A. Many companies see great results with skilled data analysts alone. Data scientists become essential only when you need advanced predictions, automation, or machine learning models to scale insights.
Q. Which role is harder to hire for?
A. Data scientists are typically harder to find and more expensive to hire. They require deeper technical skills in programming, statistics, and machine learning. Good analysts are also valuable but have a larger talent pool to recruit from.
Q. Can data analysts transition into data science roles?

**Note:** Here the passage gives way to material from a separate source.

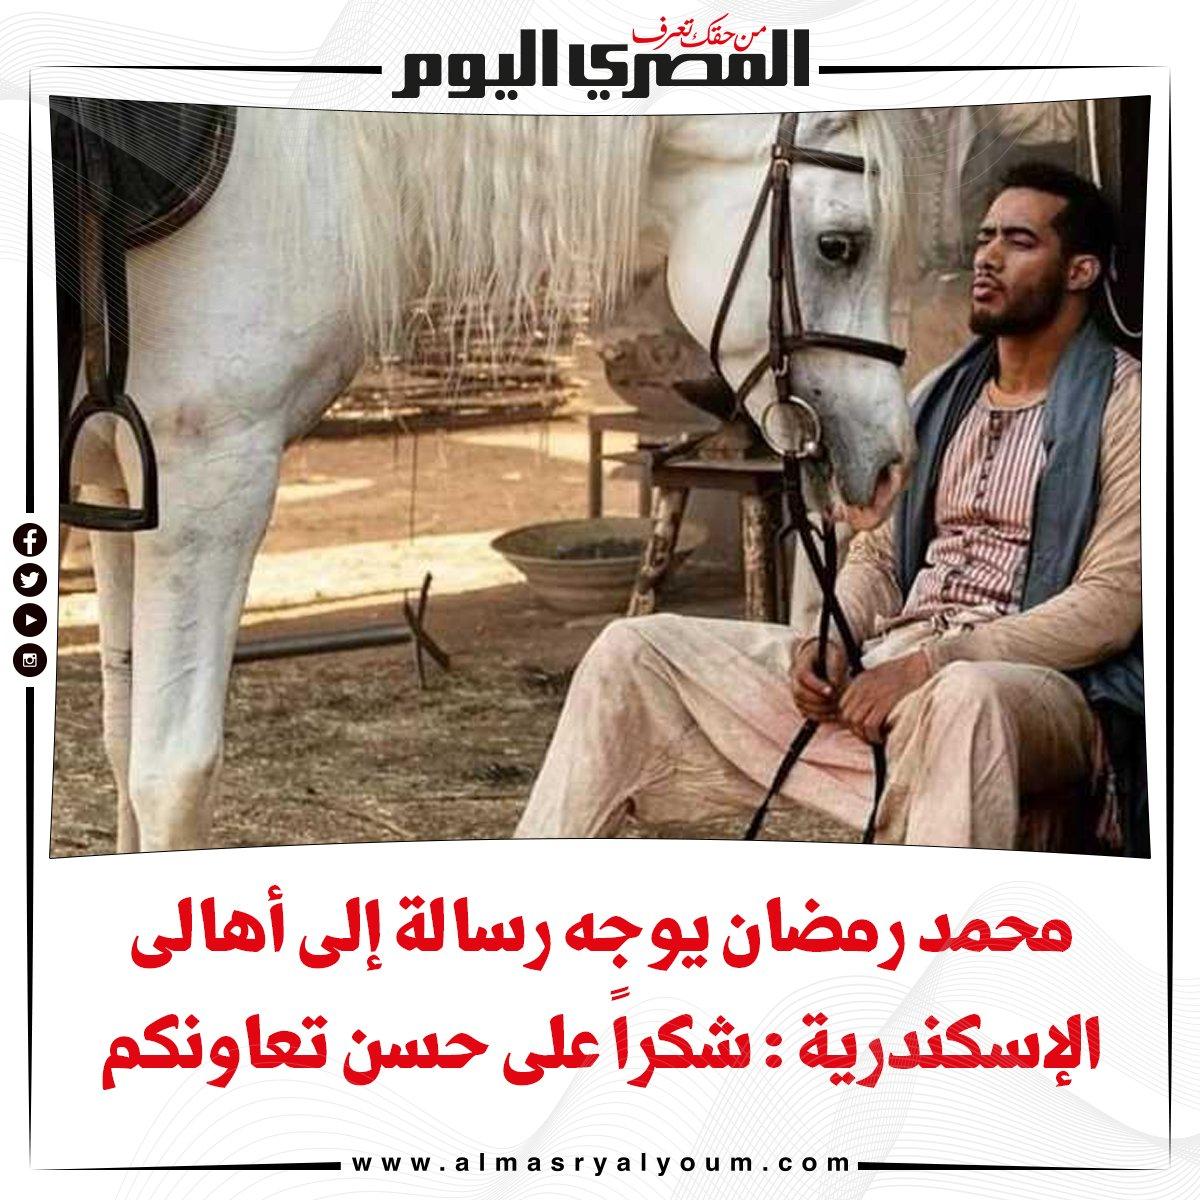 بالفيديو محمد رمضان يوجه رسالة إلى أهالى الإسكندرية شكراً على حسن تعاونكم شاهد

A. Yes, many data scientists started as analysts. The transition requires learning programming languages, statistics, and machine learning techniques. Some analysts prefer to deepen their business and communication expertise rather than move into technical modeling work.
Q. How do these roles work together in organizations?
A. Analysts often identify business problems that need prediction, scientists build the models to address those problems, and analysts help business teams understand and use the results. The best data teams include both skill sets working collaboratively.